Let $$ \alpha = x^TAx \enspace x\in \mathbf{R}^{nx1}, A \in \mathbf{R}^{nxn} $$
How do I compute the derivative $\Large \frac{\partial\alpha}{\partial x}$ without using the coordinate way i.e, writing A in terms of $\large A = (a_{ij})$
My attempt is as follows (using the product rule):
$$ \begin{align} \frac{\partial\alpha}{\partial x} = &\frac{\partial(x^TAx)}{\partial x}\\ =&\frac{\partial(x^TA)x}{\partial x} + x^TA\frac{\partial x}{\partial x}\\ =&\frac{\partial(A^Tx)^Tx}{\partial x} + x^TAI\\ =&\left(\frac{\partial A^Tx}{\partial x}\right)^Tx+ x^TA\\ =&Ax+x^TA \end{align} $$
This is different from the answer that I find in wikipedia which says is to be:
$$ \frac{\partial\alpha}{\partial x} = x^TA+x^TA^T $$
Where am I going wrong, please present your answer in the product rule form.

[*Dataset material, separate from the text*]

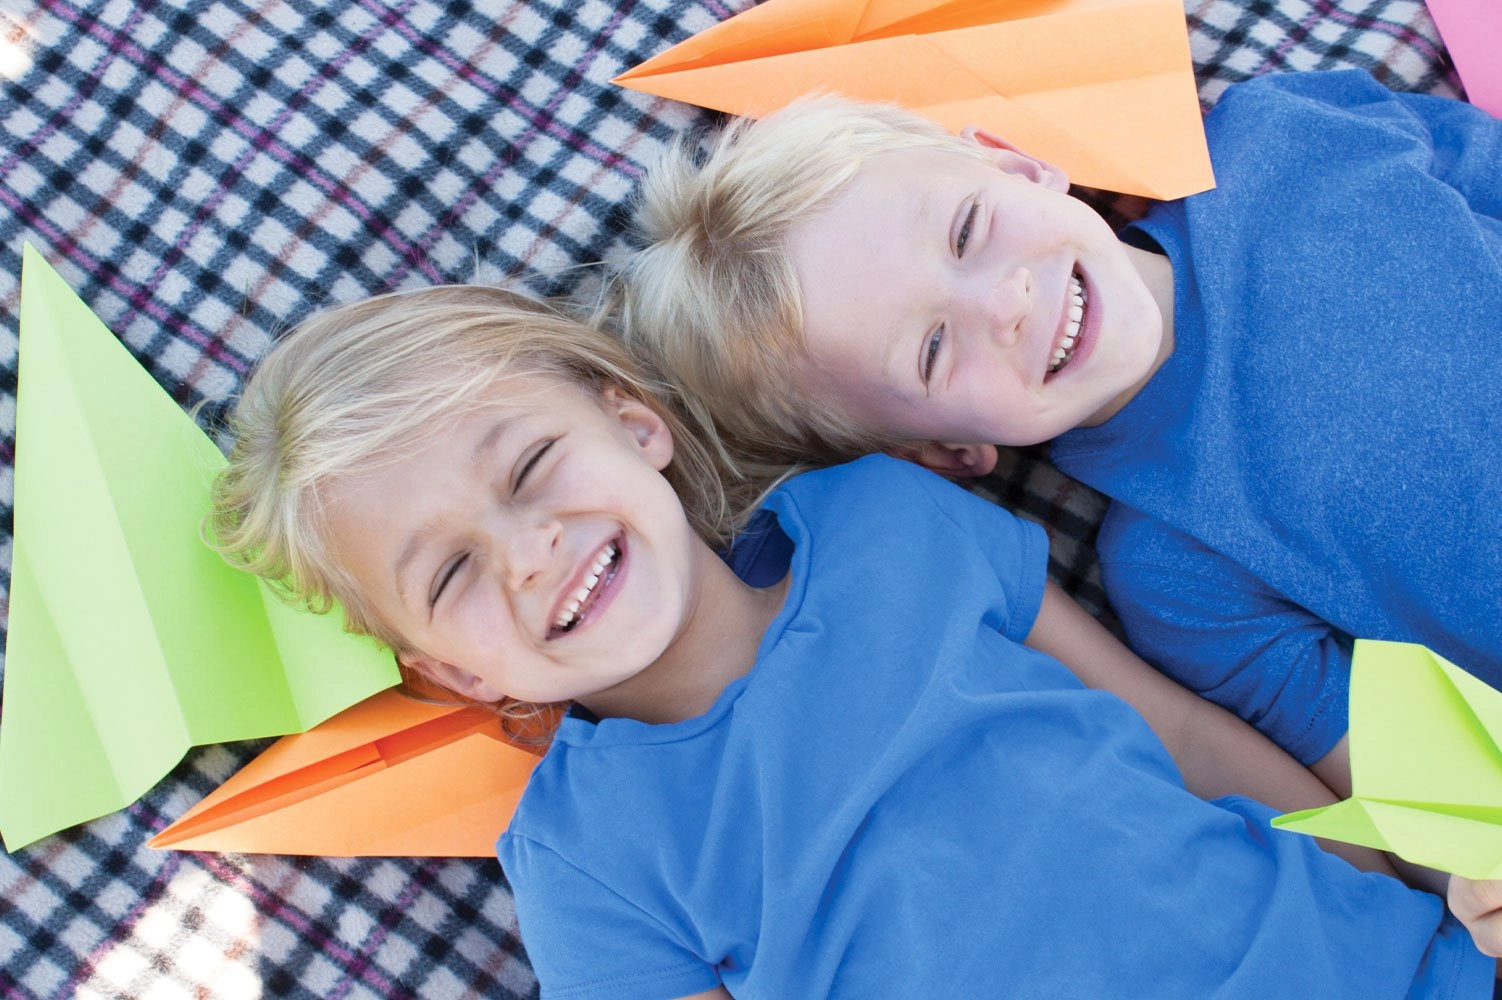 A smiling young boy and girl laying on a blanket, playing with paper planes.

The product rule is not valid for the gradients of matrix/vector expressions.
For example $$\frac{\partial(a^Tb)}{\partial x} \ne \Bigg(\frac{\partial a^T}{\partial x}\Bigg)b + a^T\Bigg(\frac{\partial b}{\partial x}\Bigg)$$ However, the product rule is valid for the differentials of such expressions $$d(a^Tb) = (da^T)b + a^T(db)$$
Note that the gradient of a vector is a matrix, which behaves differently than a vector.

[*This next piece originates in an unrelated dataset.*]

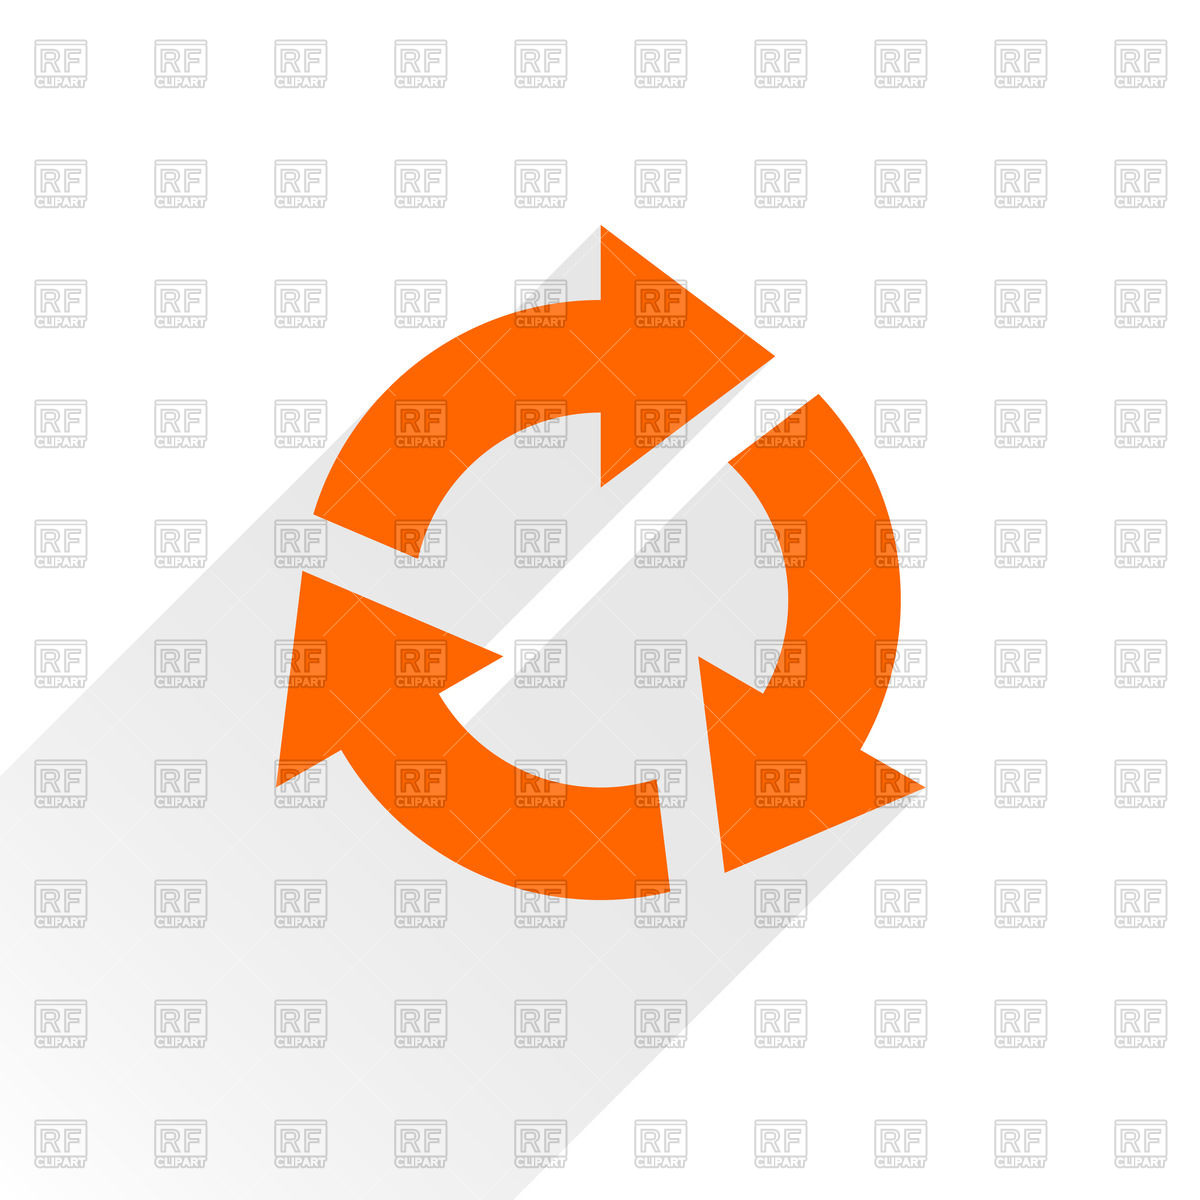 Three Sections Orange Round Arrow 50027 Download Royalty Free Vector

But the differential of a vector is just another vector, and behaves accordingly.
So let's approach your problem using differentials. $$\eqalign{ \alpha &= x^TAx \cr d\alpha &= dx^T\,Ax + x^TA\,dx \cr &= x^TA^T\,dx + x^TA\,dx \cr \frac{\partial \alpha}{\partial x} &= x^TA^T + x^TA \cr\cr }$$